Entrepreneurs are entrepreneurial, as differentiated from managerial or strategic,
because they think effectually; they believe in a yet-to-be-made future that can
substantially be shaped by human action; and they realize that to the extent that this
human action can control the future, they need not expend energies trying to predict
it. In fact, to the extent that the future is shaped by human action, it is not much use
trying to predict it – it is much more useful to understand and work with the people
who are engaged in the decisions and actions that bring it into existence.

Entrepreneurial creativity = creativity × entrepreneurial action.

Entrepreneurial activity is the enterprising human action in pursuit of the


generation of value, through the creation or expansion of economic activity, by
identifying and exploiting new products, processes or markets.
Entrepreneurial creativity is a synergistic combination of four capabilities

1. Creative, lateral and systems thinking skills


2. Cross-functional expertise
3. motivation
4. Entrepreneurial action and technology of achievement.

Creativity

Creativity is a continuous activity for the entrepreneur, always seeing new ways
of doing things with little concern for how difficult they might be or whether the
resources are available. But the creativity in the entrepreneur is combined with the ability
to innovate, to take the idea and make it work in practice. This seeing something through
to the end and not being satisfied until all is accomplished is a central motivation for the
entrepreneur. Indeed once the project is accomplished the entrepreneur seeks another
'mountain to climb' because for him or her creativity and innovation are habitual,
something that he or she just has to keep on doing. Psychologists have presented various
definitions to explain the meaning of creativity.

Stagner and karwoski


Creativity implies the production of a totally or partially novel identity-

Spearman

Creativity is the power of the human mind to create new contents by transforming
relations and thereby generating new correlates.

FACTORS INFLUENCING ENTREPRENEURIAL CREATIVITY

Creative thinking

Creative thinking is the capacity to think outside the box and put existing ideas
together in a new combination. It determines how flexible and imaginatively approach
problems. Creative problem solving as a process was described as a four stage process of
preparation, incubation, illumination and verification.
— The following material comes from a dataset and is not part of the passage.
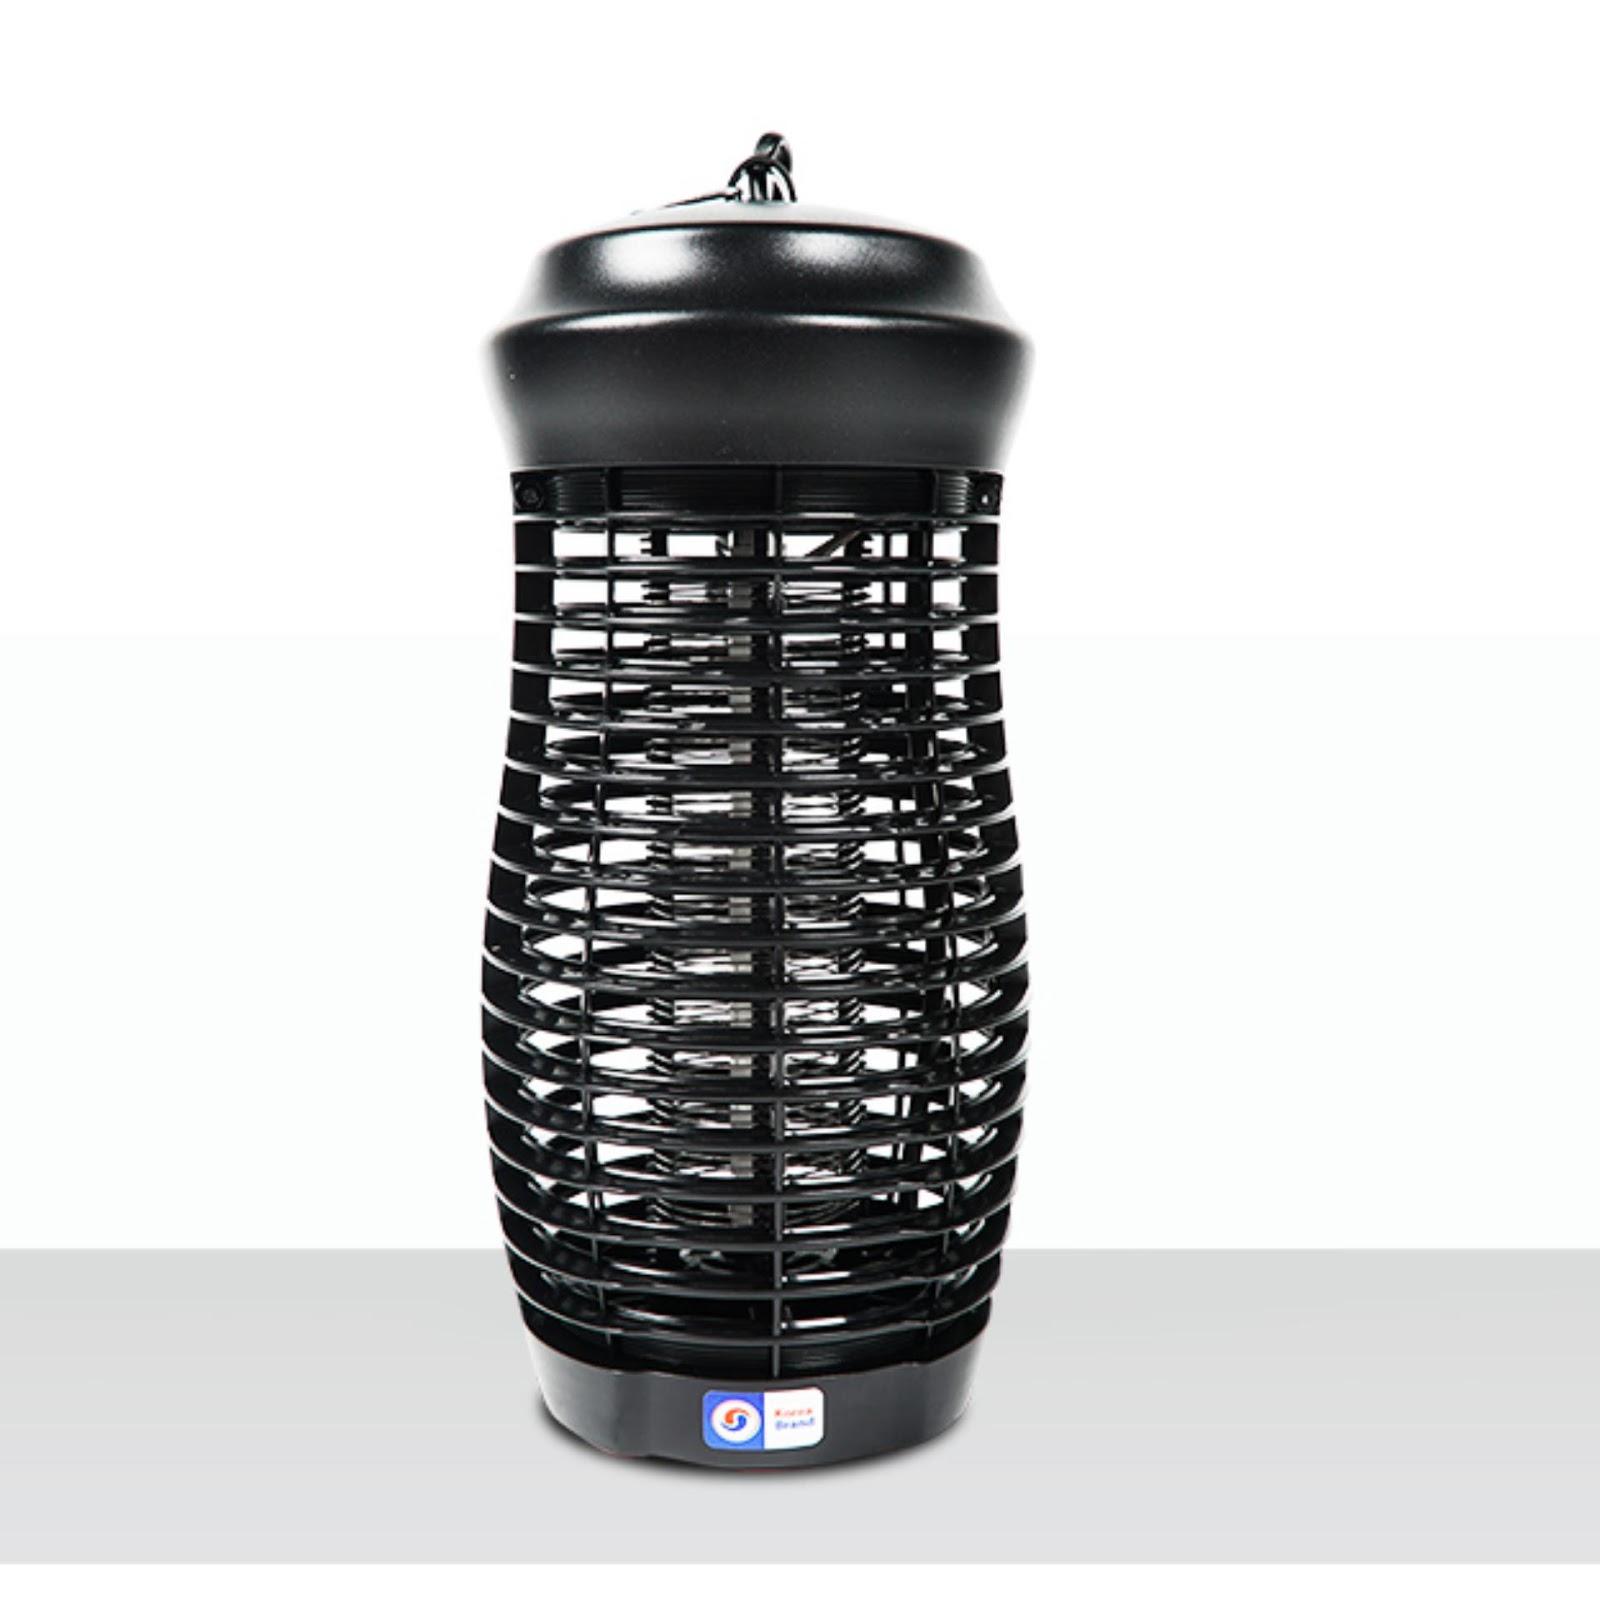 Đèn ngủ diệt muỗi Daewoo DWIK-680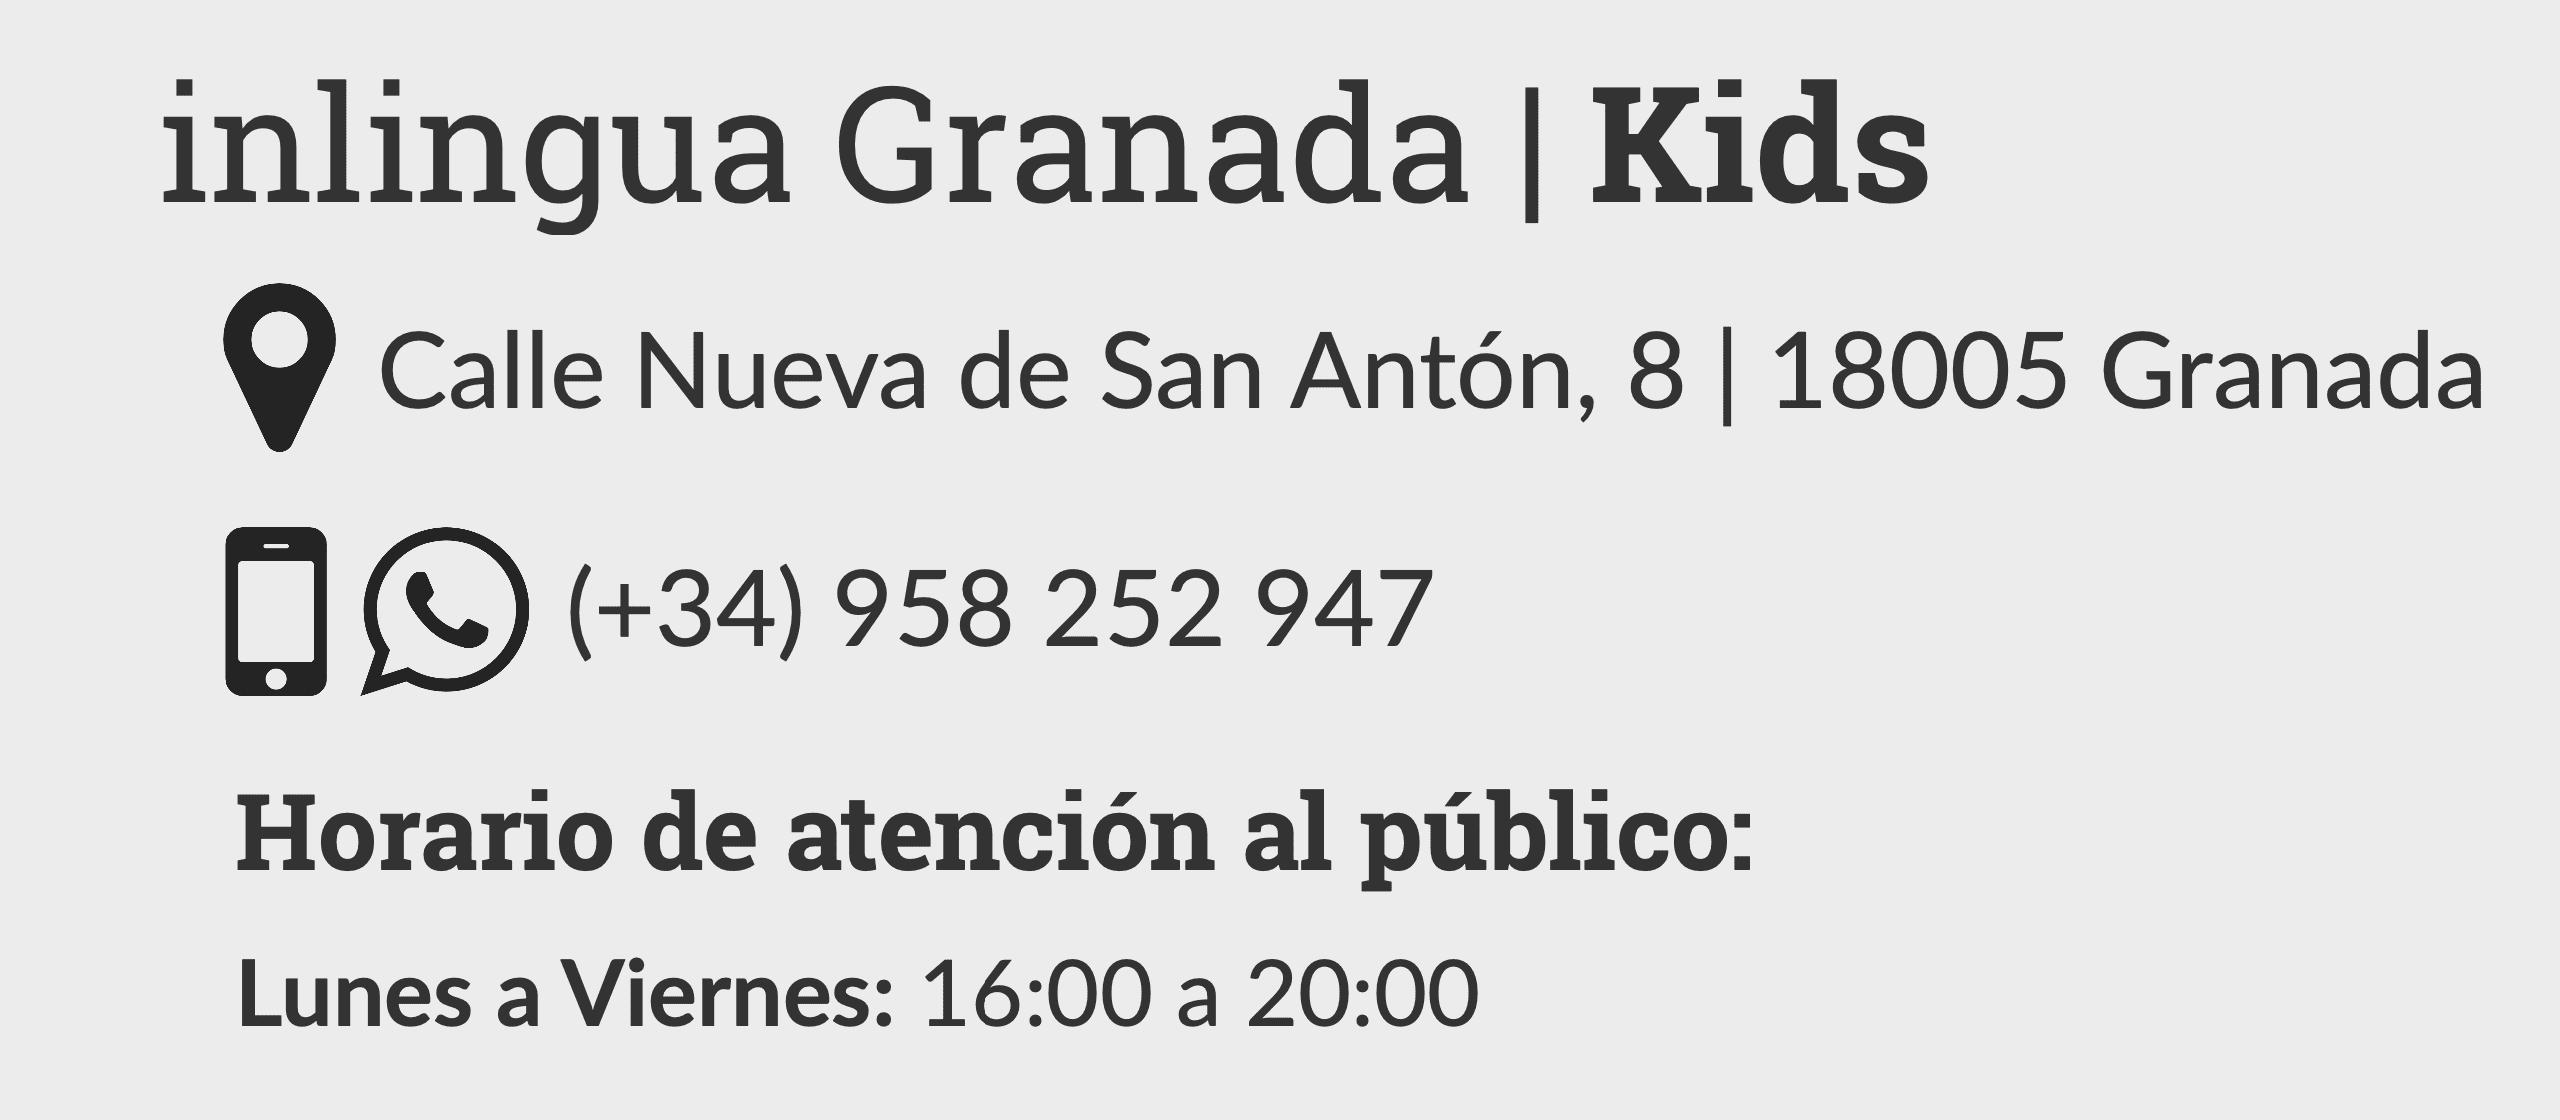 contacto inlingua Kids

Vertical thinking is defining
problem in only one way without considering alternative views whereas lateral thinking
is seeking to solve a problem by non- conventional, apparently illogical means. This
process and willingness to look at things in a differently way. Lateral thinkers generate
alternate ways of viewing a problem and problem multiple definitions.

Cross-functional expertise

Cross-functional expertise is the knowledge and skill set on various functional


areas and disciplines

Motivation

Entrepreneurs are motivated to start a business because of the factors like


ambitious factors, compelling factors and facilitating factors. Whatever may be the
reason, it can be said that in most of the times of the history of human civilization, there
were entrepreneurs who did independent business and this trend of history still continues.
For the last few decades in all over the world, entrepreneurs are regarded as value adding
people to the society.
The common man thinks that people go into business and become entrepreneurs solely to
make money. The desire to earn money is no doubt an important motivating force. But
entrepreneurs are motivated not for profits alone. Several research studies have been
conducted to identify the factors that inspire entrepreneurs.
The motivating forces

P.N. Sharma identified nine motivating factors which are as follows

• Educational background
• Occupational experience
• Desire to work independently in manufacturing line
• Desire to branch out to manufacturing
• Family background
• Assistance from government
• Assistance from financial institutions
• Availability of technology
• Availability of raw material
• Other factors such as demand of a particular product, utilization of surplus money
etc

These factors can be classified as internal and external factors. The first five
factors are called as internal factors and the final four factors are external motivators.